§ WORK TO COMPLETE
Below is a listing; repeat exactly the lines from the one containing "Twitter logo on" to the one containing "Neymar: He scored", both included.

§ EXCERPTED DATA
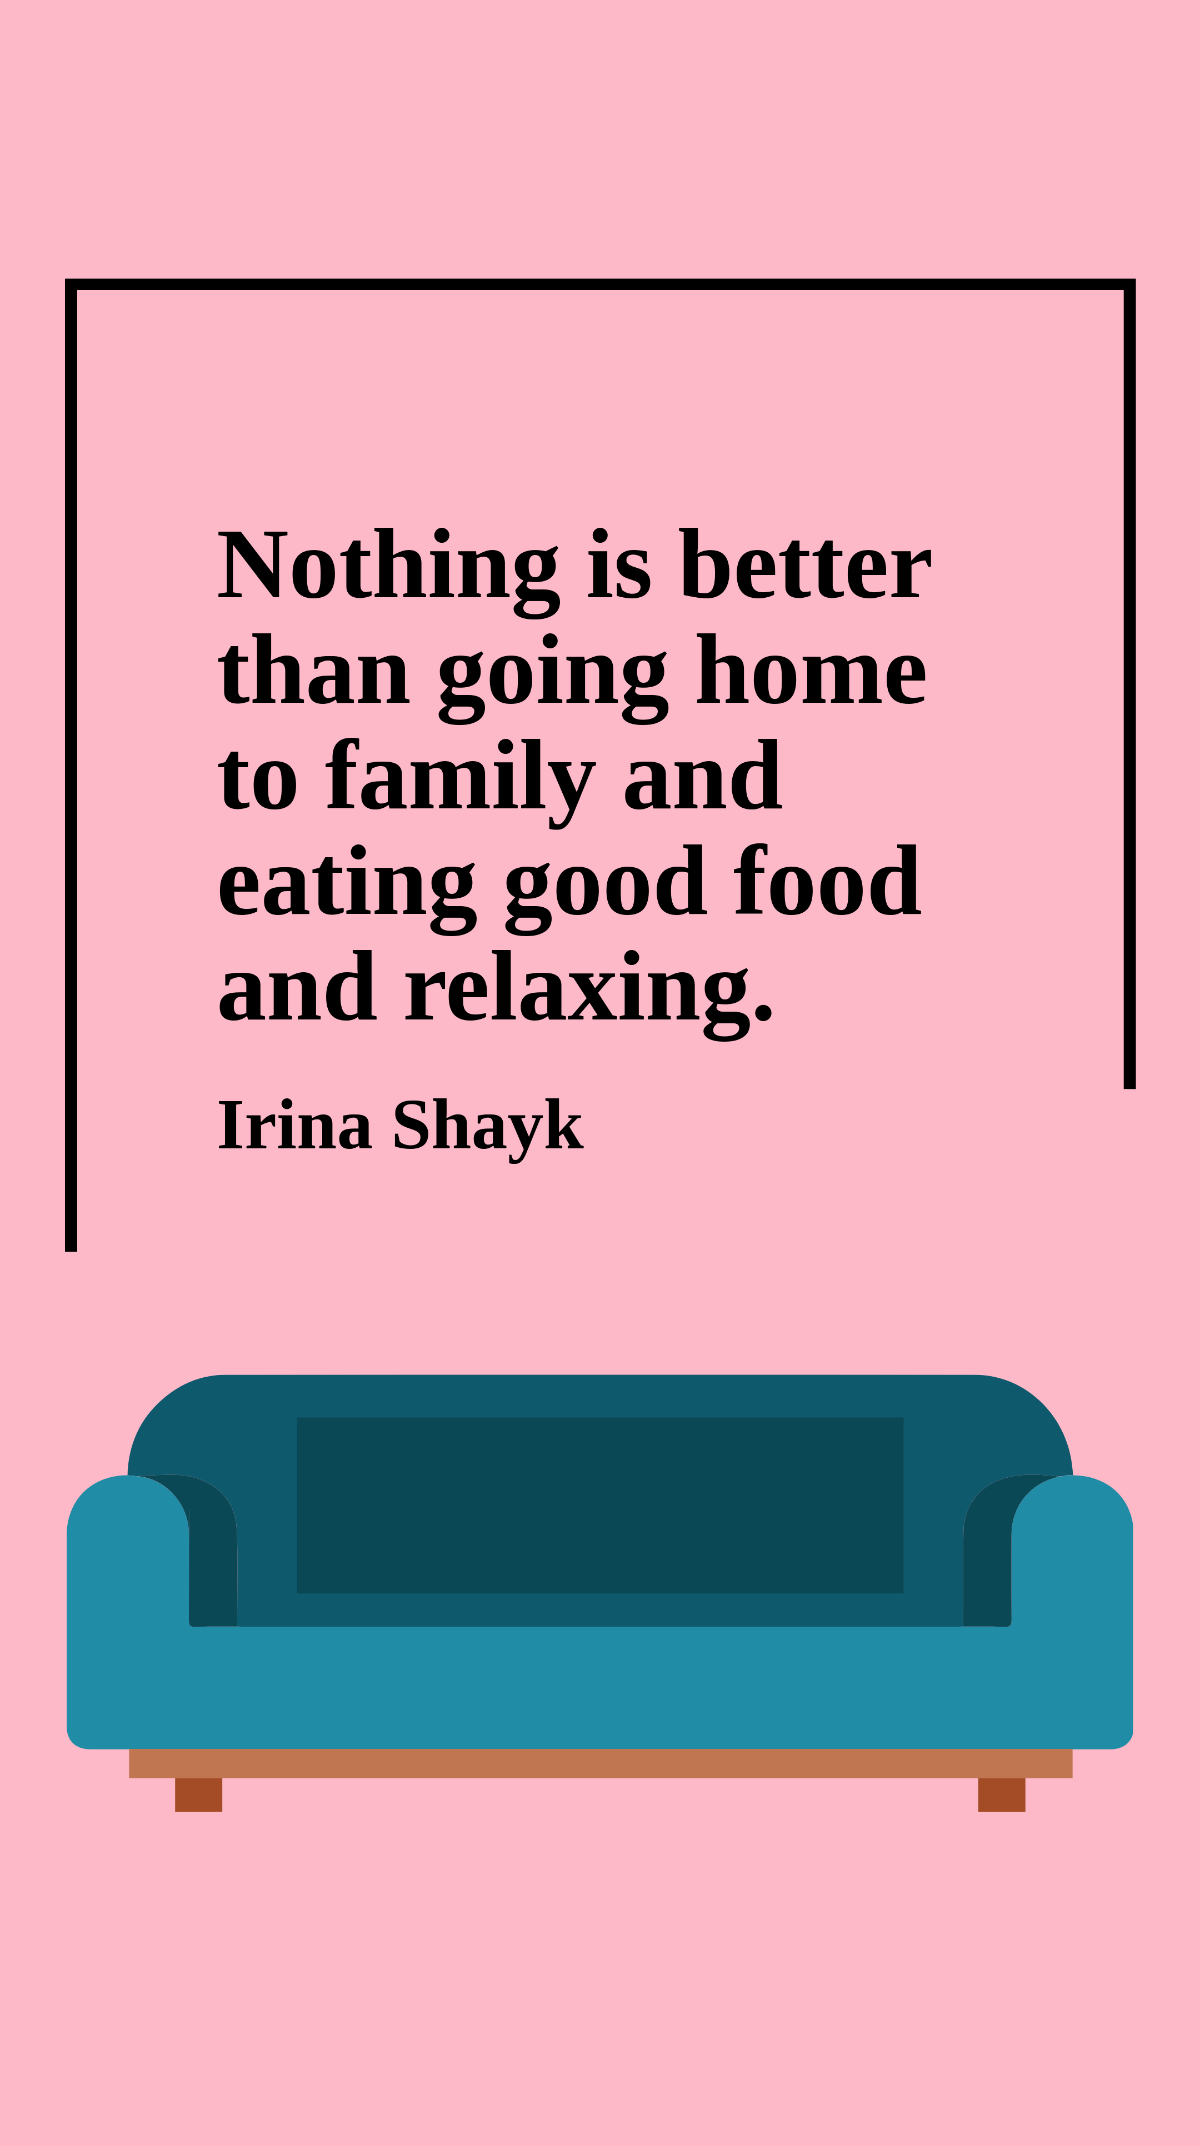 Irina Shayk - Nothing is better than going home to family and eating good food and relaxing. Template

...

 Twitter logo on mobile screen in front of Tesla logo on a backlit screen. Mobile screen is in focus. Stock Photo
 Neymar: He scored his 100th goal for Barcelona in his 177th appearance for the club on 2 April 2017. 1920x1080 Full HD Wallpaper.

§ SOLUTION TO THIS TASK
 Twitter logo on mobile screen in front of Tesla logo on a backlit screen. Mobile screen is in focus. Stock Photo
 Neymar: He scored his 100th goal for Barcelona in his 177th appearance for the club on 2 April 2017. 1920x1080 Full HD Wallpaper.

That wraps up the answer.